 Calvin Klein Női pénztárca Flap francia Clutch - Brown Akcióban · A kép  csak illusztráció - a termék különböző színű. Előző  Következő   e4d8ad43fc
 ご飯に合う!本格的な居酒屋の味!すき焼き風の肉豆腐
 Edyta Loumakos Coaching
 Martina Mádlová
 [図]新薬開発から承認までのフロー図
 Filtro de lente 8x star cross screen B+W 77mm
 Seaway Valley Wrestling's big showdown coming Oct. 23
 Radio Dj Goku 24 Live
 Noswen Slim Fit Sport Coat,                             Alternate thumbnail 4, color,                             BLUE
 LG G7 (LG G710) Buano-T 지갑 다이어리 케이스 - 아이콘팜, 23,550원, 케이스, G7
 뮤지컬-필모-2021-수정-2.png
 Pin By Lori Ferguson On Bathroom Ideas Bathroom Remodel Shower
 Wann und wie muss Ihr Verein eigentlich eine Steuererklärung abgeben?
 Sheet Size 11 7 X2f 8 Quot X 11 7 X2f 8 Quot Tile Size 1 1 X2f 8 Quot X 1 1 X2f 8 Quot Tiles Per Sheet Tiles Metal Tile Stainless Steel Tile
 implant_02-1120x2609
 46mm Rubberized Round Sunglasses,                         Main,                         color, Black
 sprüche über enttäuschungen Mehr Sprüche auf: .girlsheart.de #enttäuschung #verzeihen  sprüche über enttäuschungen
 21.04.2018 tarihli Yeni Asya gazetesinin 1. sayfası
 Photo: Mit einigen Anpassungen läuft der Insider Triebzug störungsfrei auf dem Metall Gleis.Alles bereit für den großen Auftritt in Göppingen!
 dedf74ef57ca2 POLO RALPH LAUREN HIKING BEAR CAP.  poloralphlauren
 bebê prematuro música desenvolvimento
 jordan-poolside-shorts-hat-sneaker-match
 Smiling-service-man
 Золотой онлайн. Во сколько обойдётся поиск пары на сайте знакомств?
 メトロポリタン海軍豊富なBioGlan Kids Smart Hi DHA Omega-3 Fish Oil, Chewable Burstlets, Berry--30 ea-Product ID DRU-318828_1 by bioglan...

================================

Take the line that contains "46mm Rubberized Round" and each line after it down to the last of the records, and retype them exactly; add nothing else.

WRITTEN ANSWER:
 46mm Rubberized Round Sunglasses,                         Main,                         color, Black
 sprüche über enttäuschungen Mehr Sprüche auf: .girlsheart.de #enttäuschung #verzeihen  sprüche über enttäuschungen
 21.04.2018 tarihli Yeni Asya gazetesinin 1. sayfası
 Photo: Mit einigen Anpassungen läuft der Insider Triebzug störungsfrei auf dem Metall Gleis.Alles bereit für den großen Auftritt in Göppingen!
 dedf74ef57ca2 POLO RALPH LAUREN HIKING BEAR CAP.  poloralphlauren
 bebê prematuro música desenvolvimento
 jordan-poolside-shorts-hat-sneaker-match
 Smiling-service-man
 Золотой онлайн. Во сколько обойдётся поиск пары на сайте знакомств?
 メトロポリタン海軍豊富なBioGlan Kids Smart Hi DHA Omega-3 Fish Oil, Chewable Burstlets, Berry--30 ea-Product ID DRU-318828_1 by bioglan...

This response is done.